Top of Task input
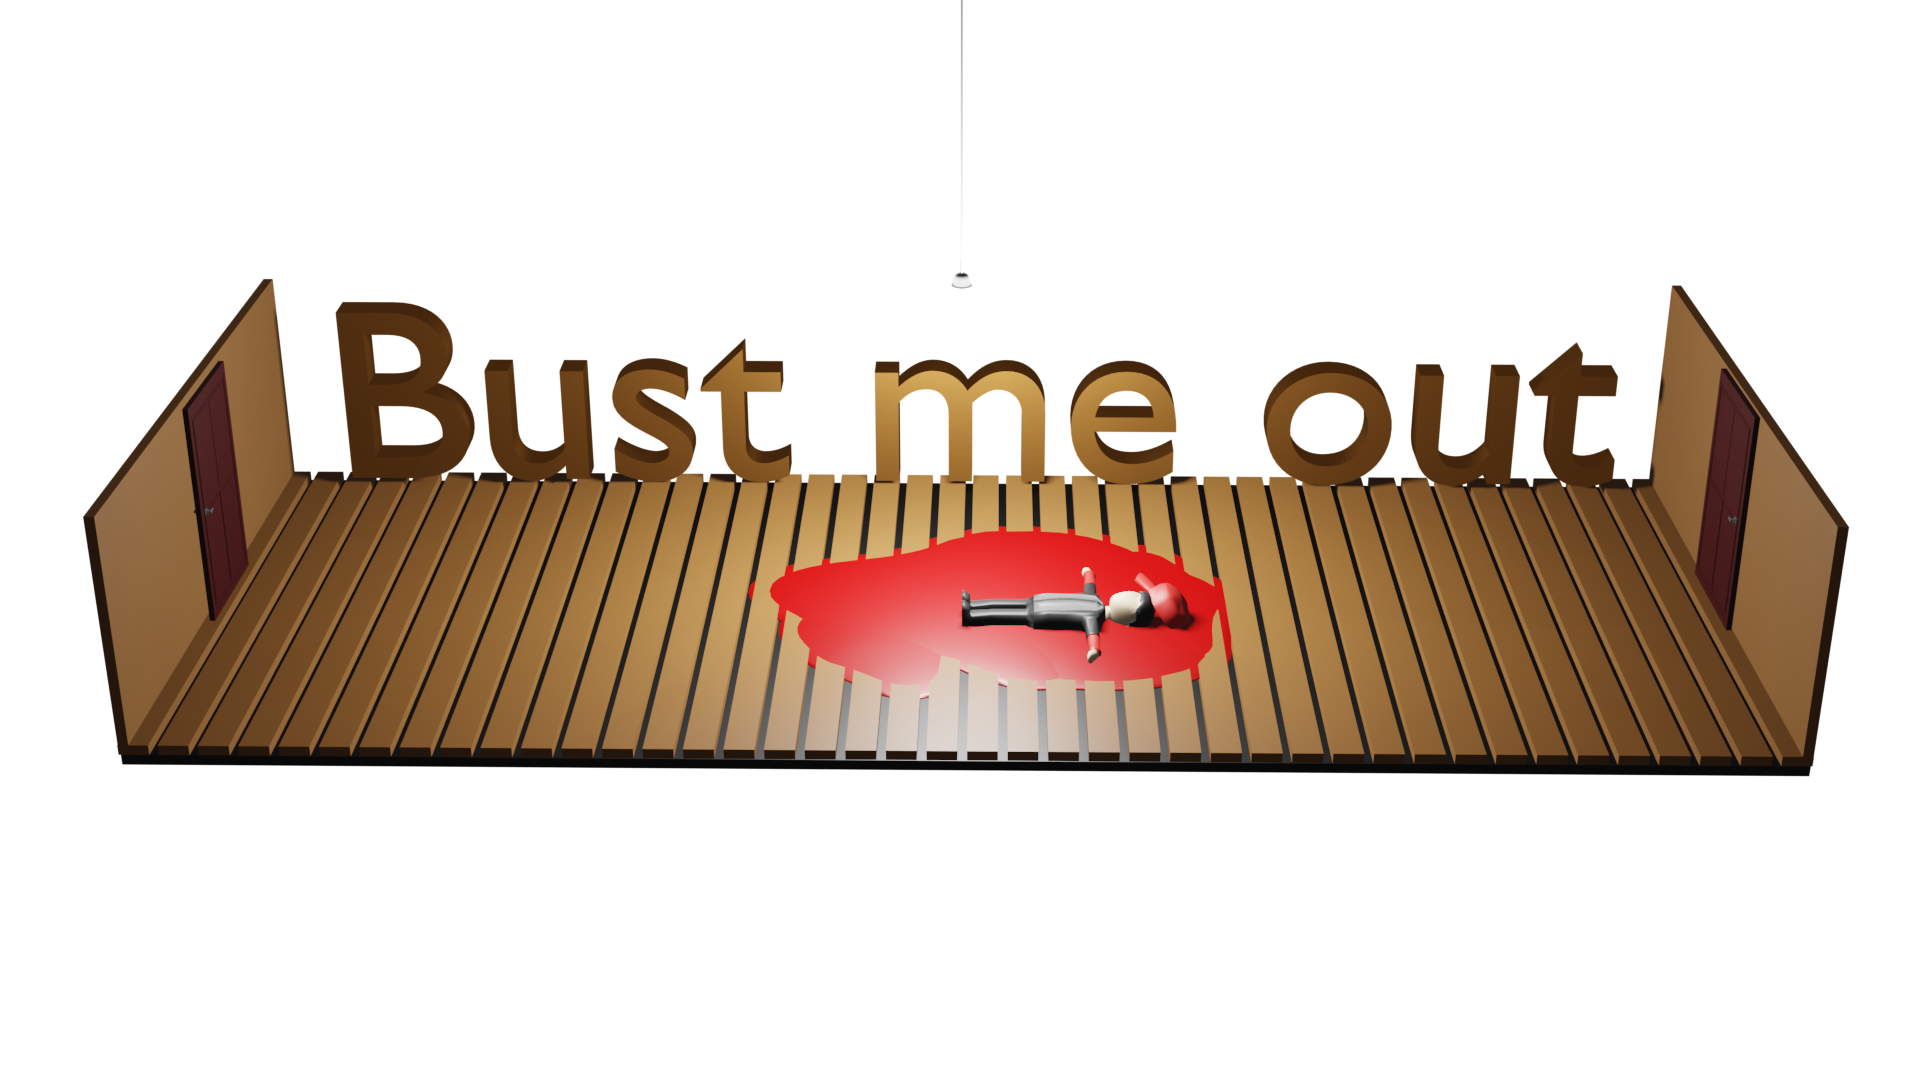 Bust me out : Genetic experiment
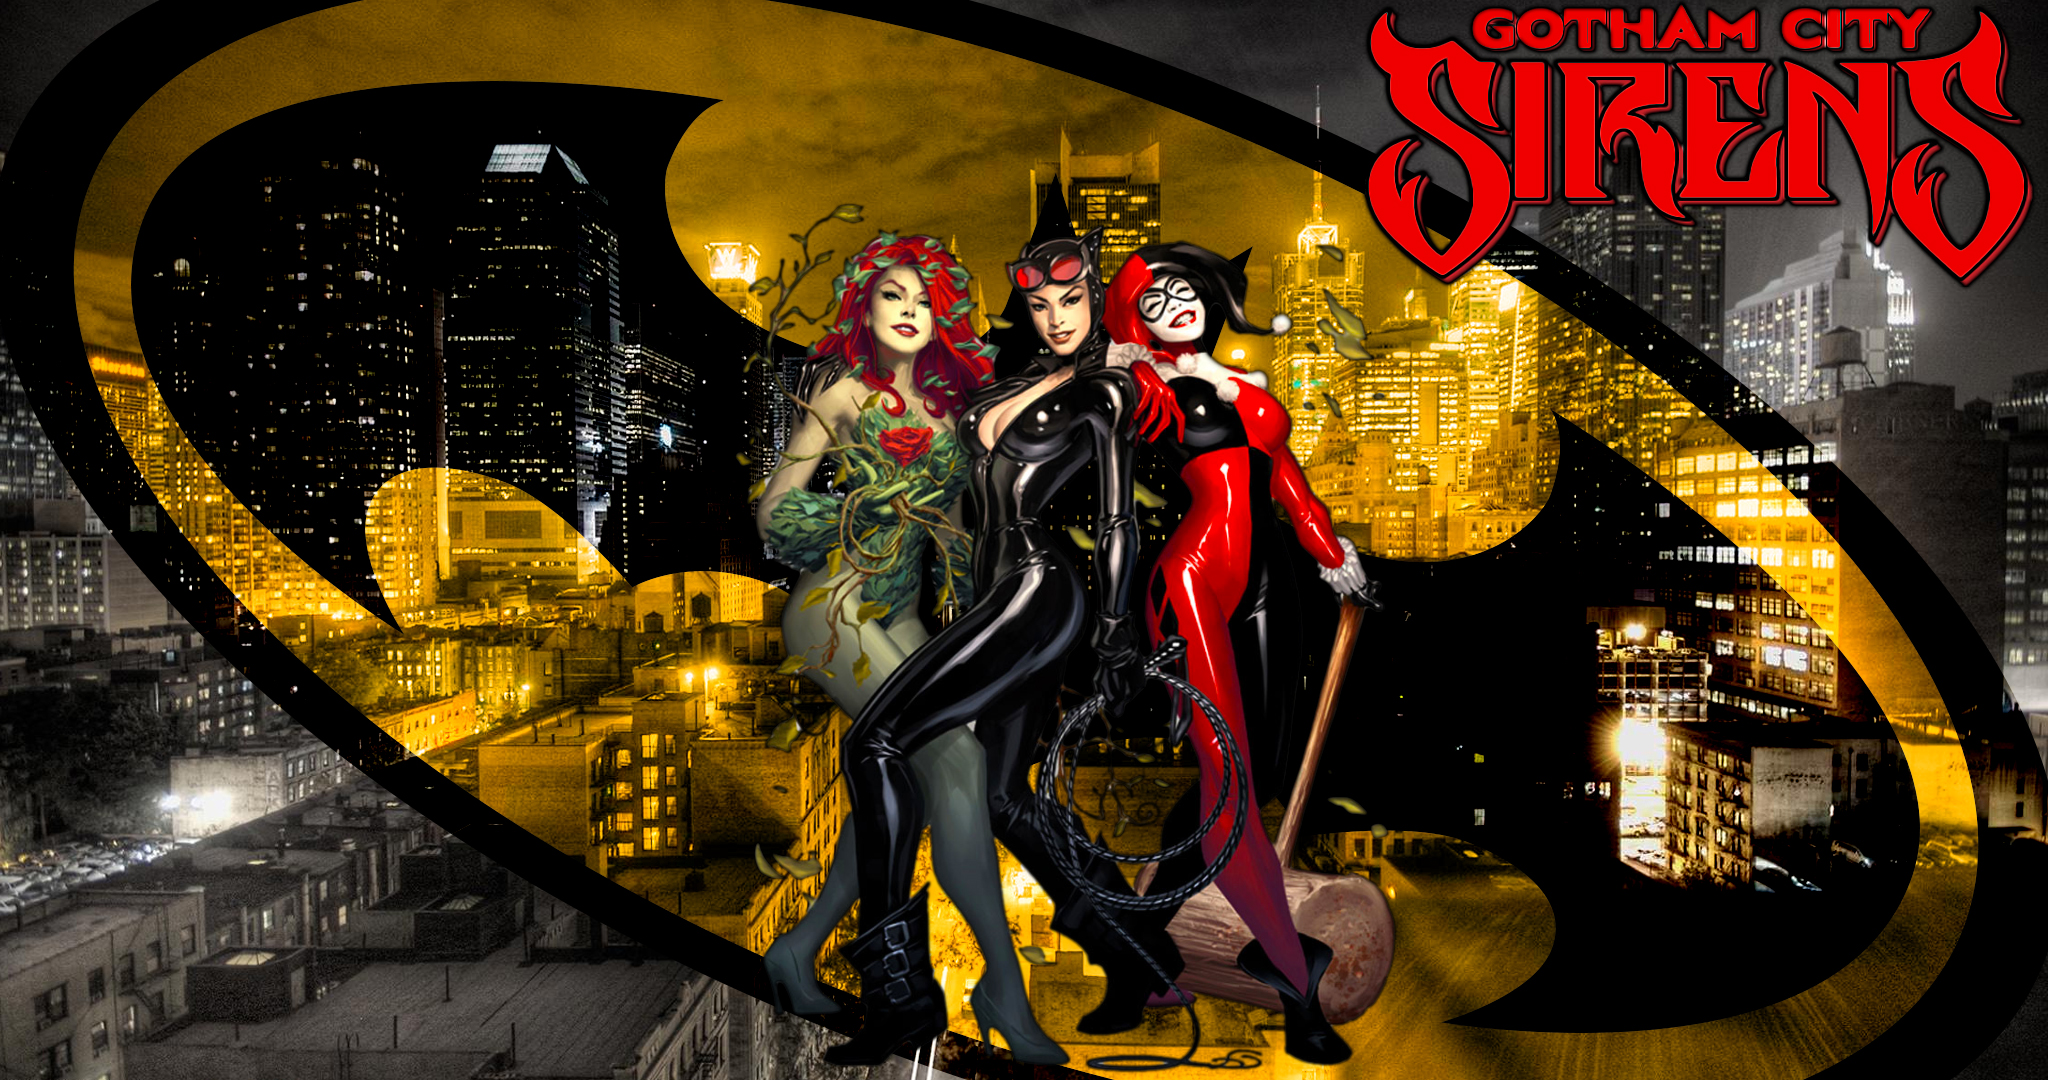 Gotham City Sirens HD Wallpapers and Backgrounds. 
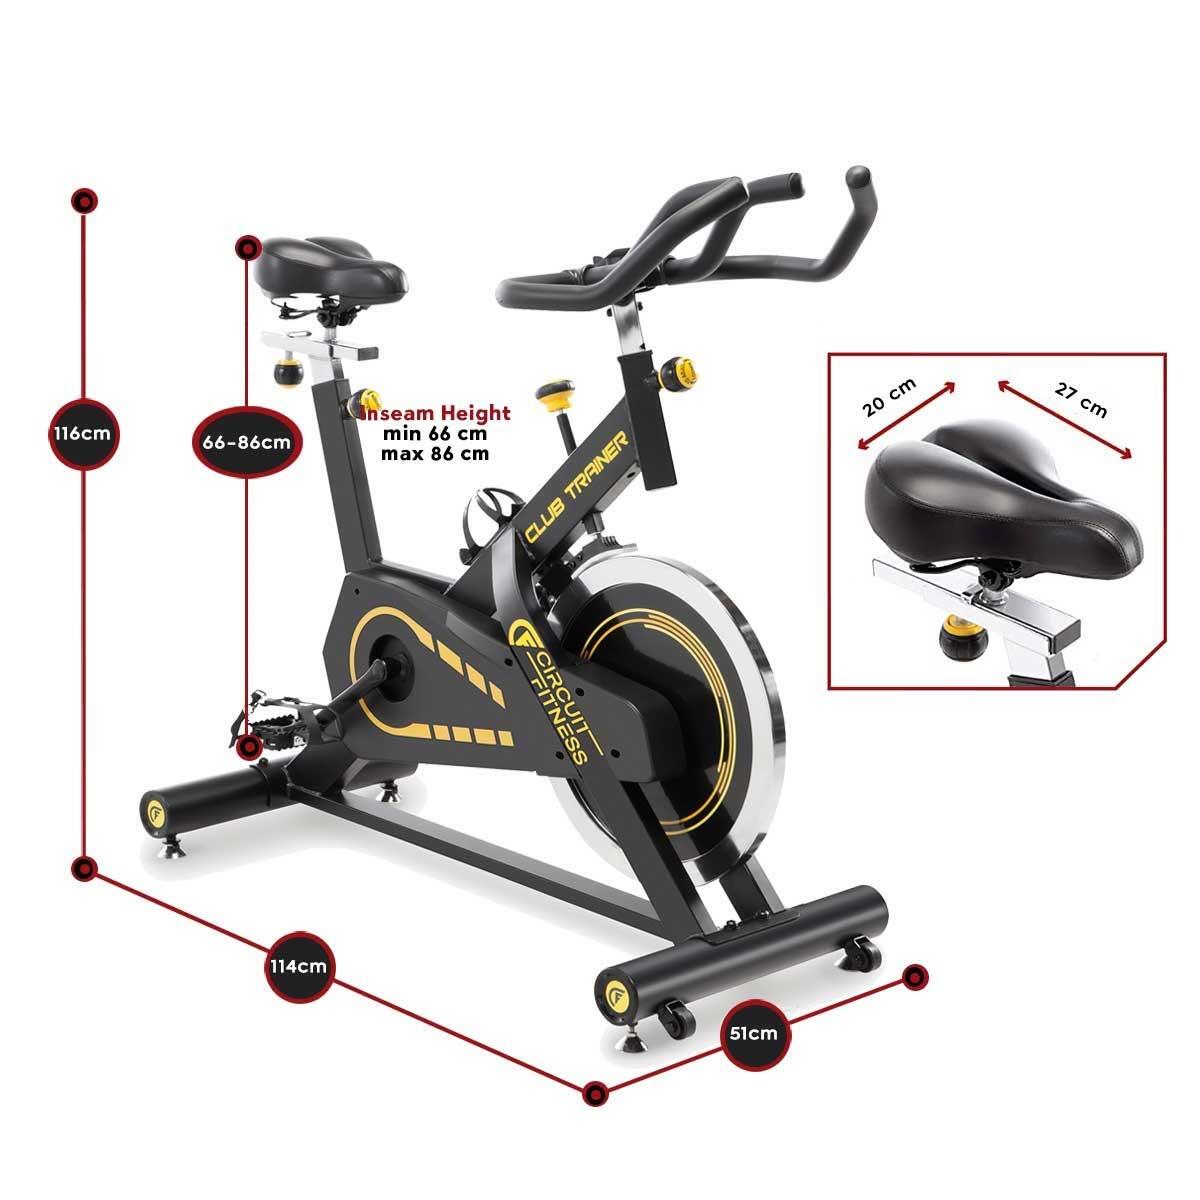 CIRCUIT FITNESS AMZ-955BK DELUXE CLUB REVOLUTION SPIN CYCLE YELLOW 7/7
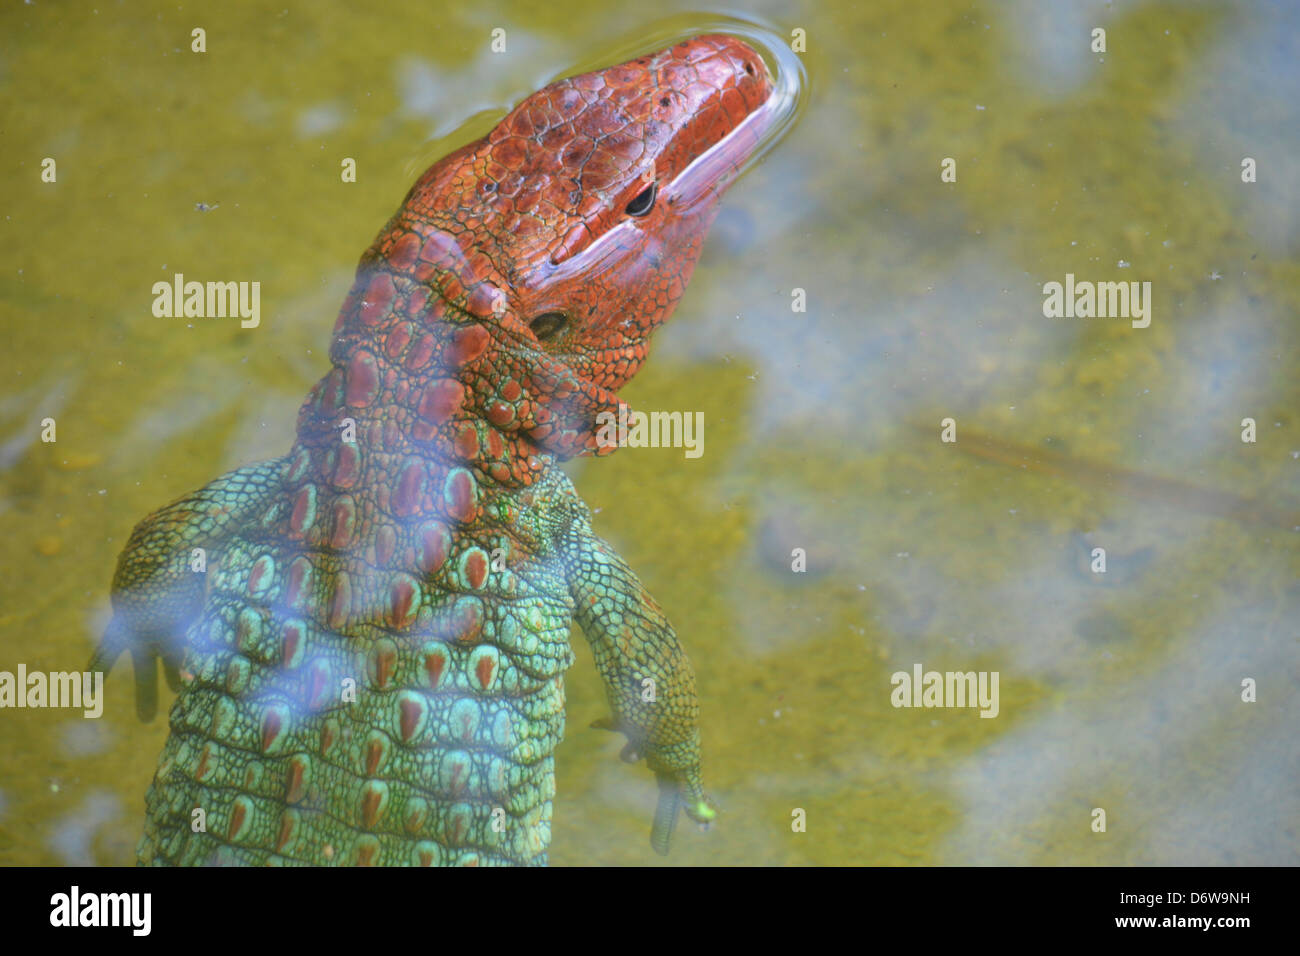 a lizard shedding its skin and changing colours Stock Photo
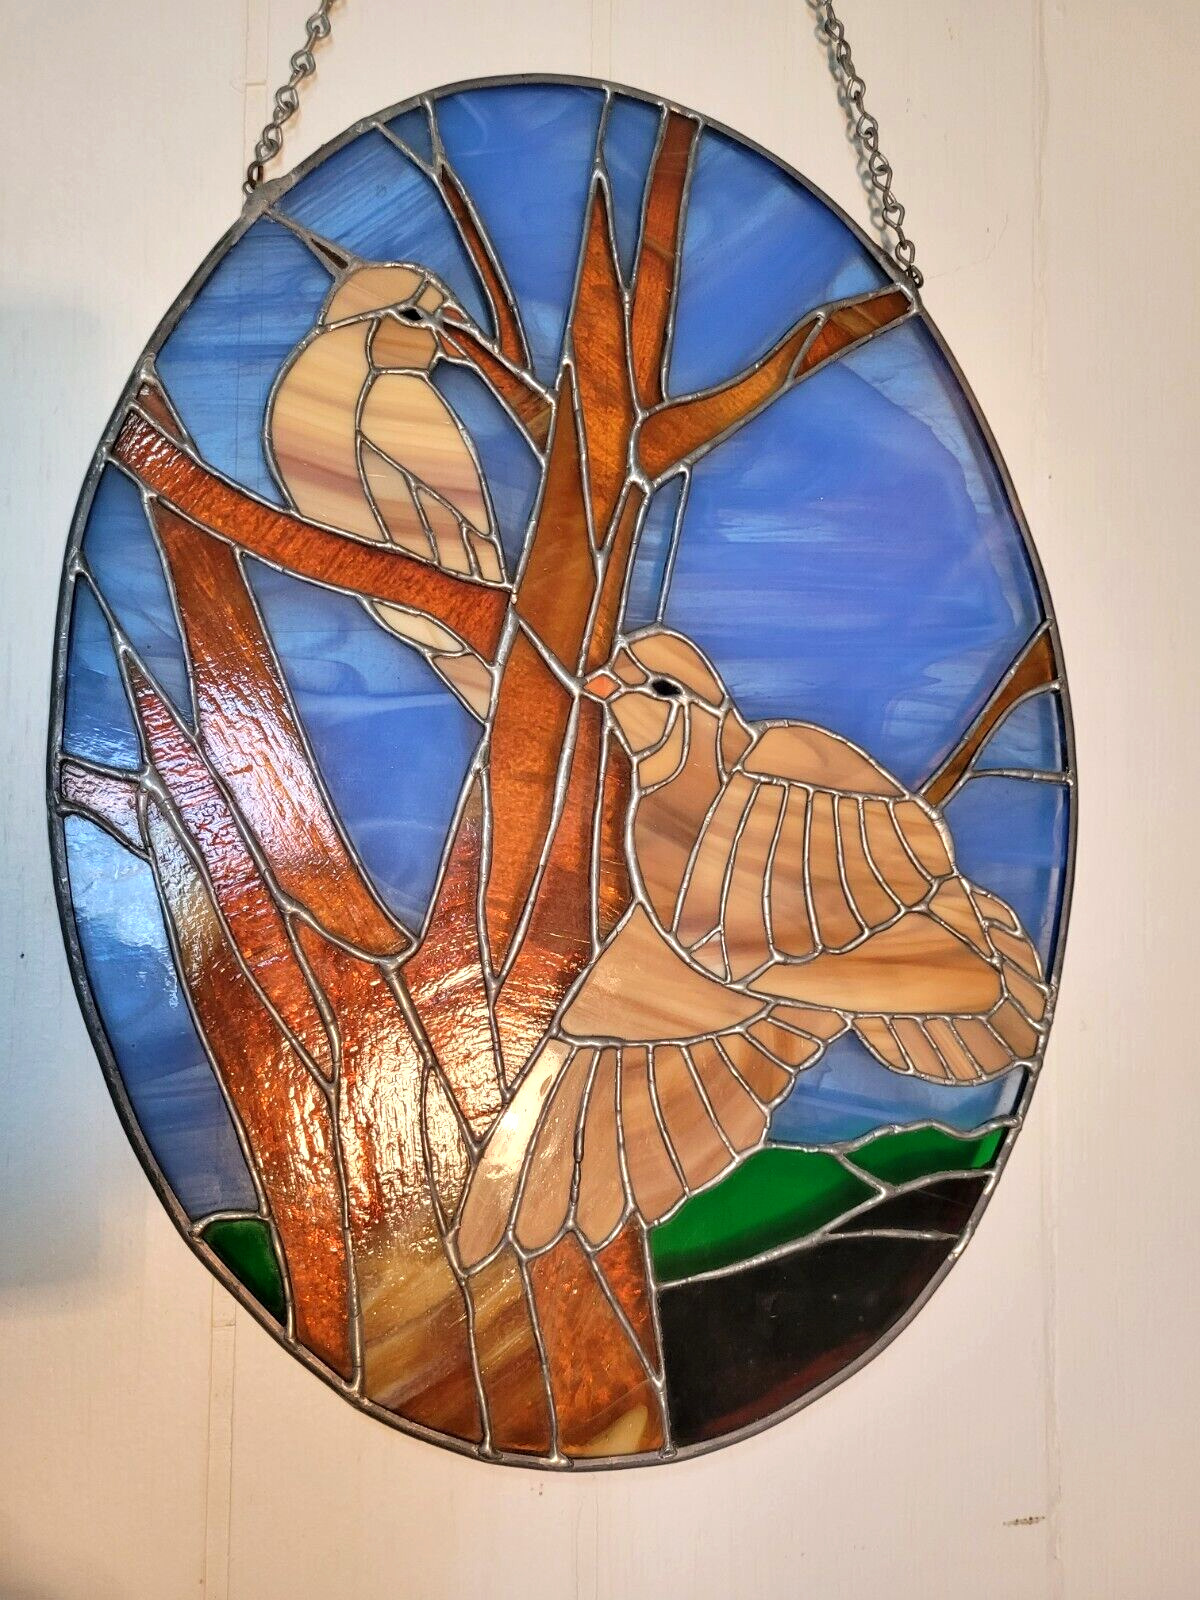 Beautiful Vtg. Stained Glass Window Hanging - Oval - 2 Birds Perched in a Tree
Bottom of Task input
Would you transcribe each of the entries exactly, skipping the pictures?

■ **Solution for this problem**
 Bust me out : Genetic experiment
 Gotham City Sirens HD Wallpapers and Backgrounds. 
 CIRCUIT FITNESS AMZ-955BK DELUXE CLUB REVOLUTION SPIN CYCLE YELLOW 7/7
 a lizard shedding its skin and changing colours Stock Photo
 Beautiful Vtg. Stained Glass Window Hanging - Oval - 2 Birds Perched in a Tree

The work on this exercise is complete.